WHAT IS EXPECTED: A word-for-word retyping of the listing below is required, with the pictures dropped.

AVAILABLE DATA:
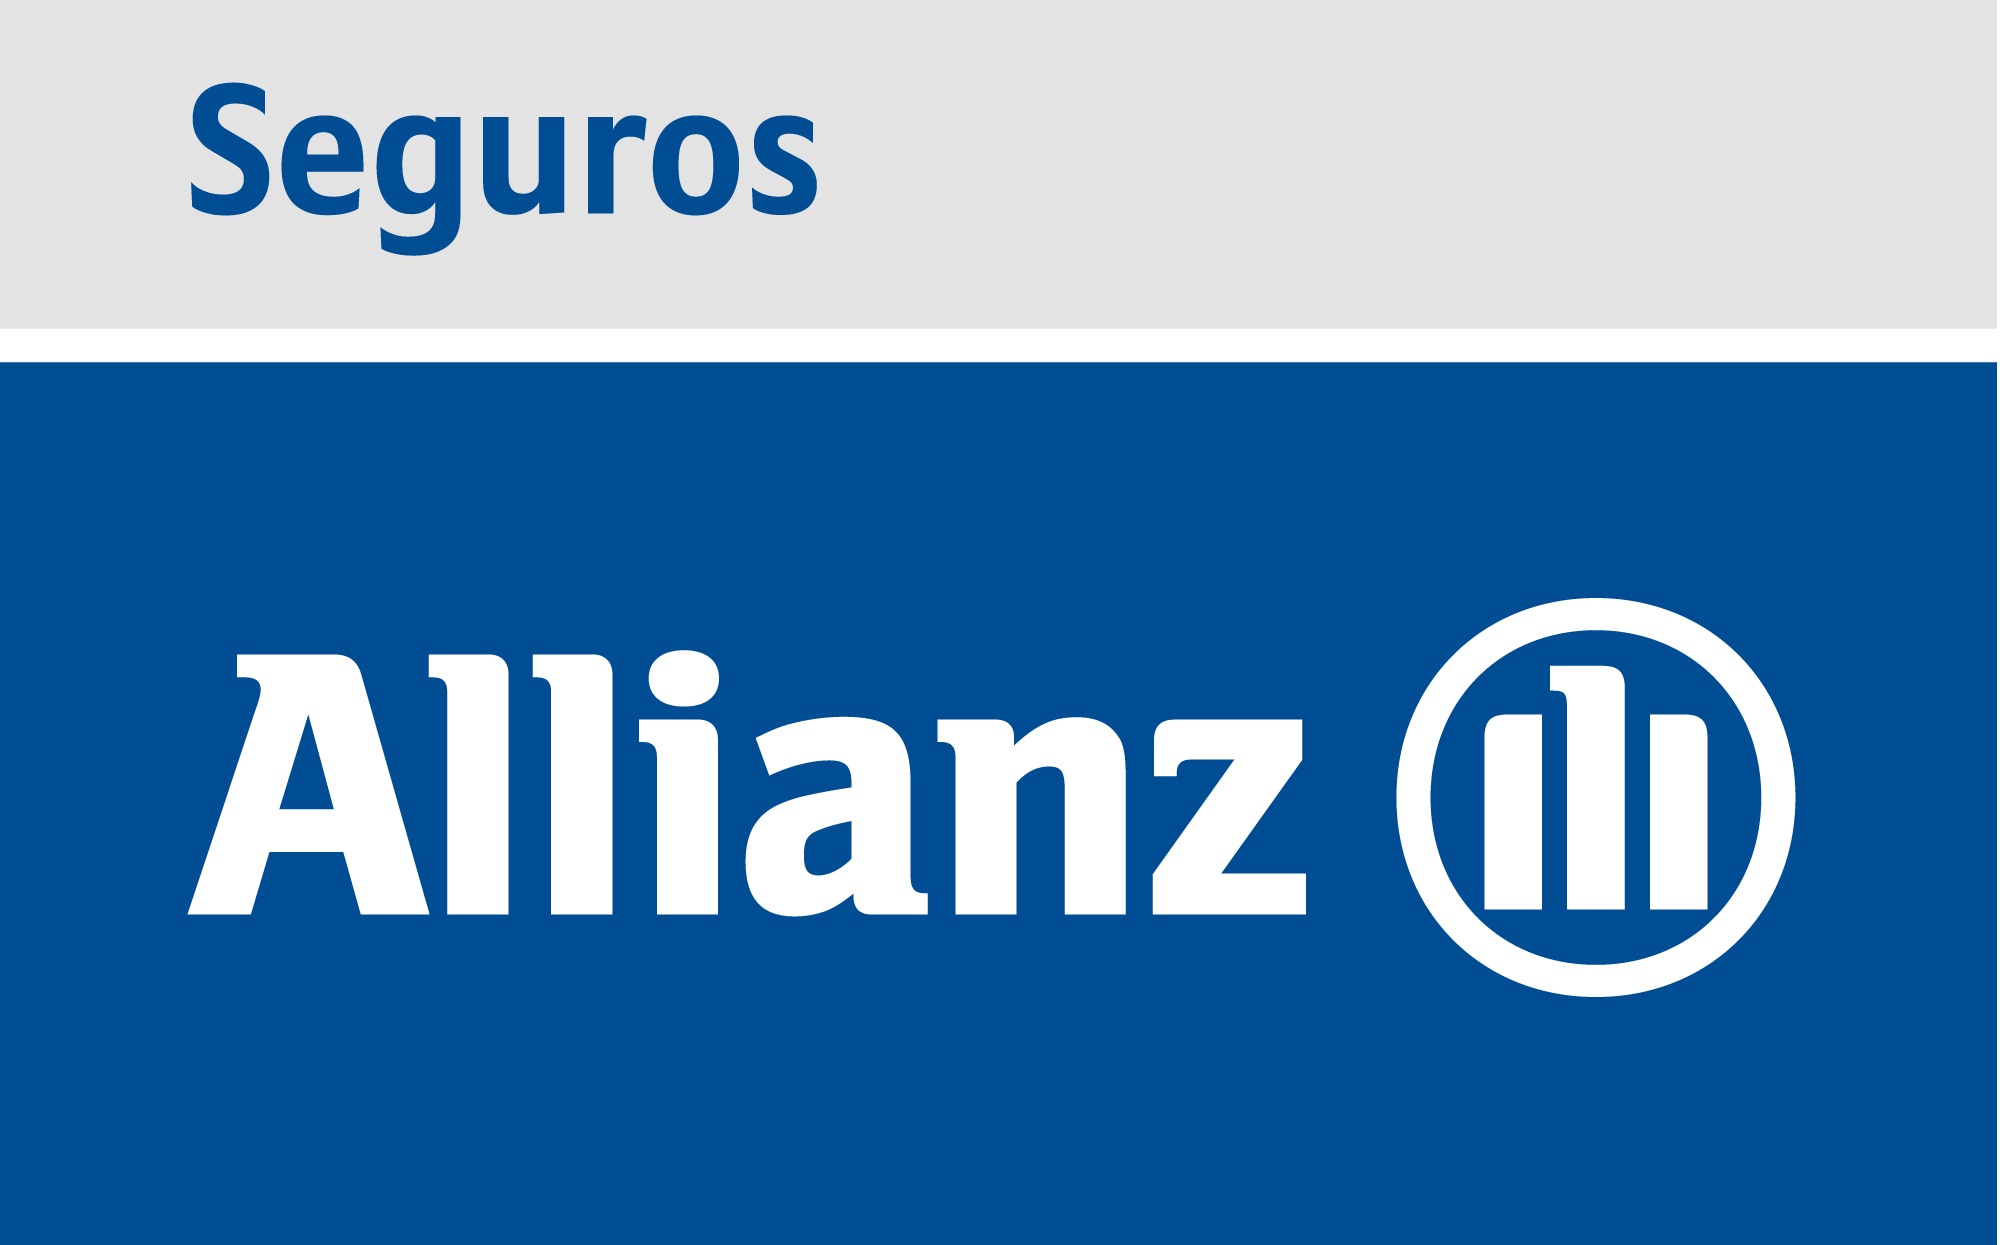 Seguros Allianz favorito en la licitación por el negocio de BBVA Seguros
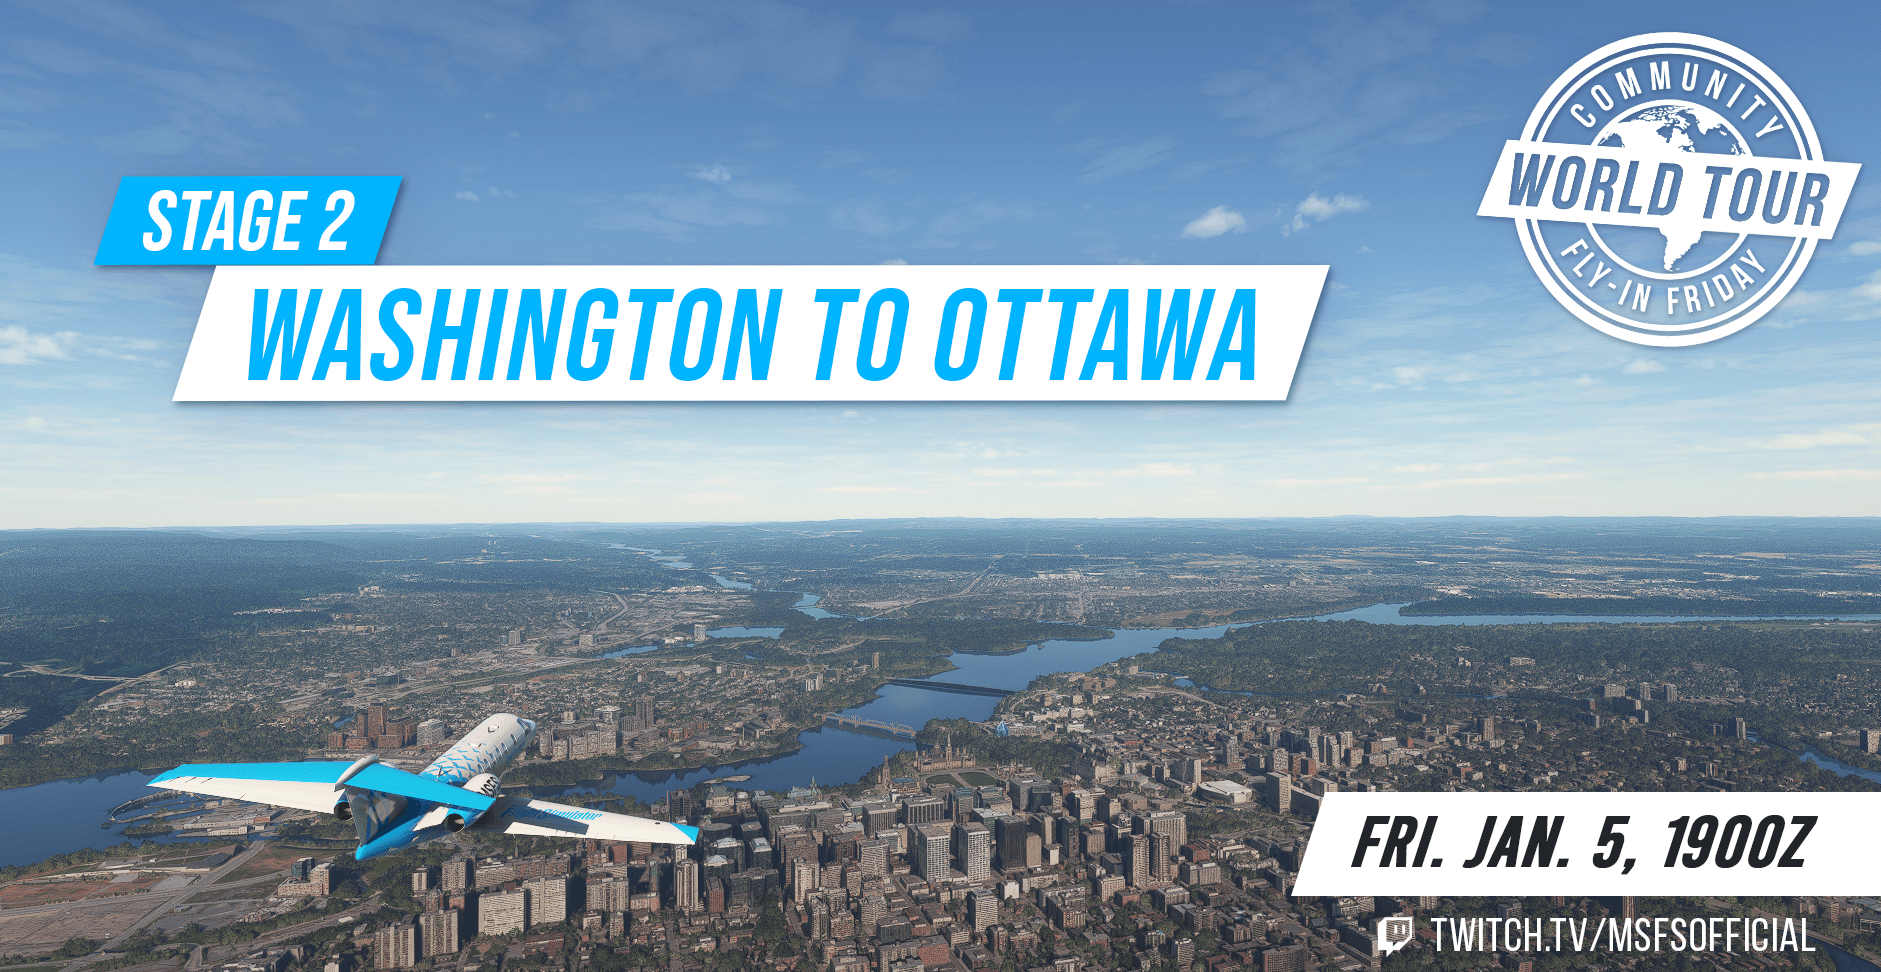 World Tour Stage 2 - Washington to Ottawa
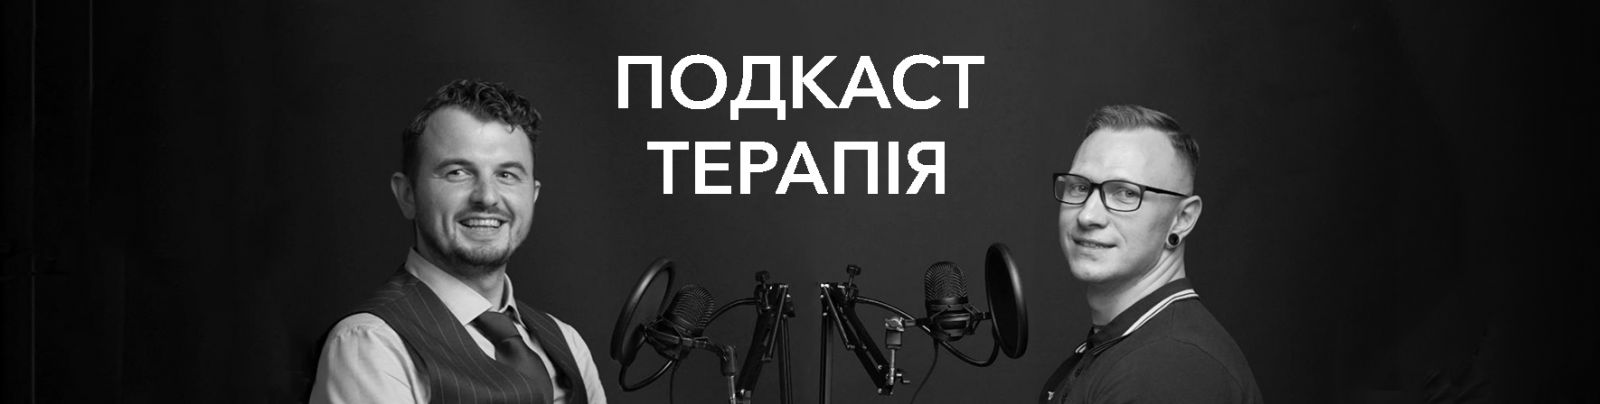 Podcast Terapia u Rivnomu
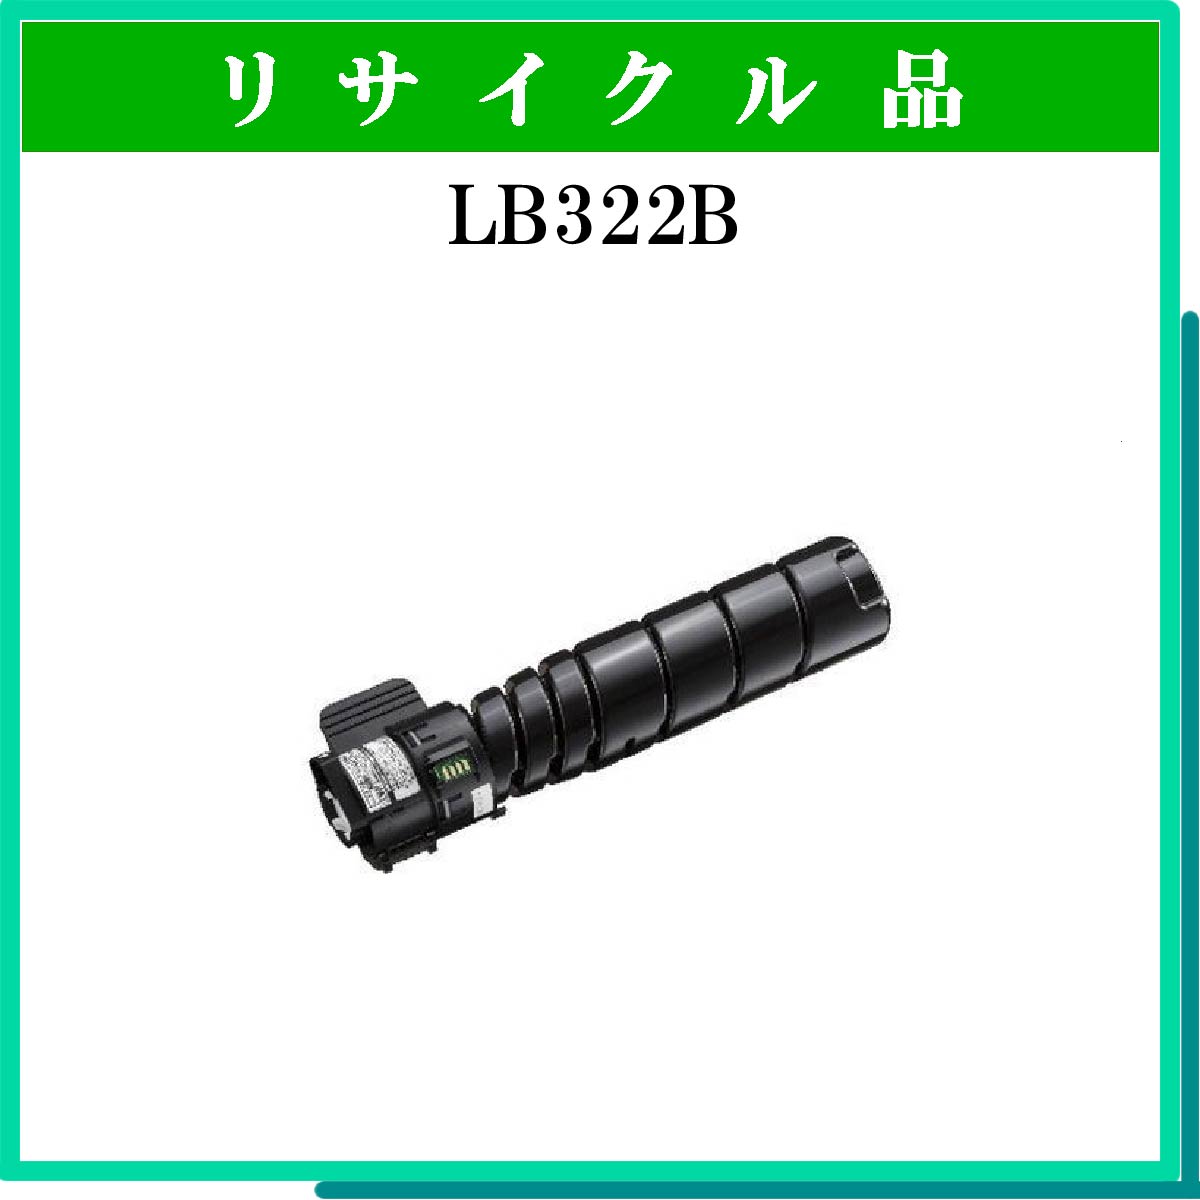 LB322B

FINISHED TASK:
 Seguros Allianz favorito en la licitación por el negocio de BBVA Seguros
 World Tour Stage 2 - Washington to Ottawa
 Podcast Terapia u Rivnomu
 LB322B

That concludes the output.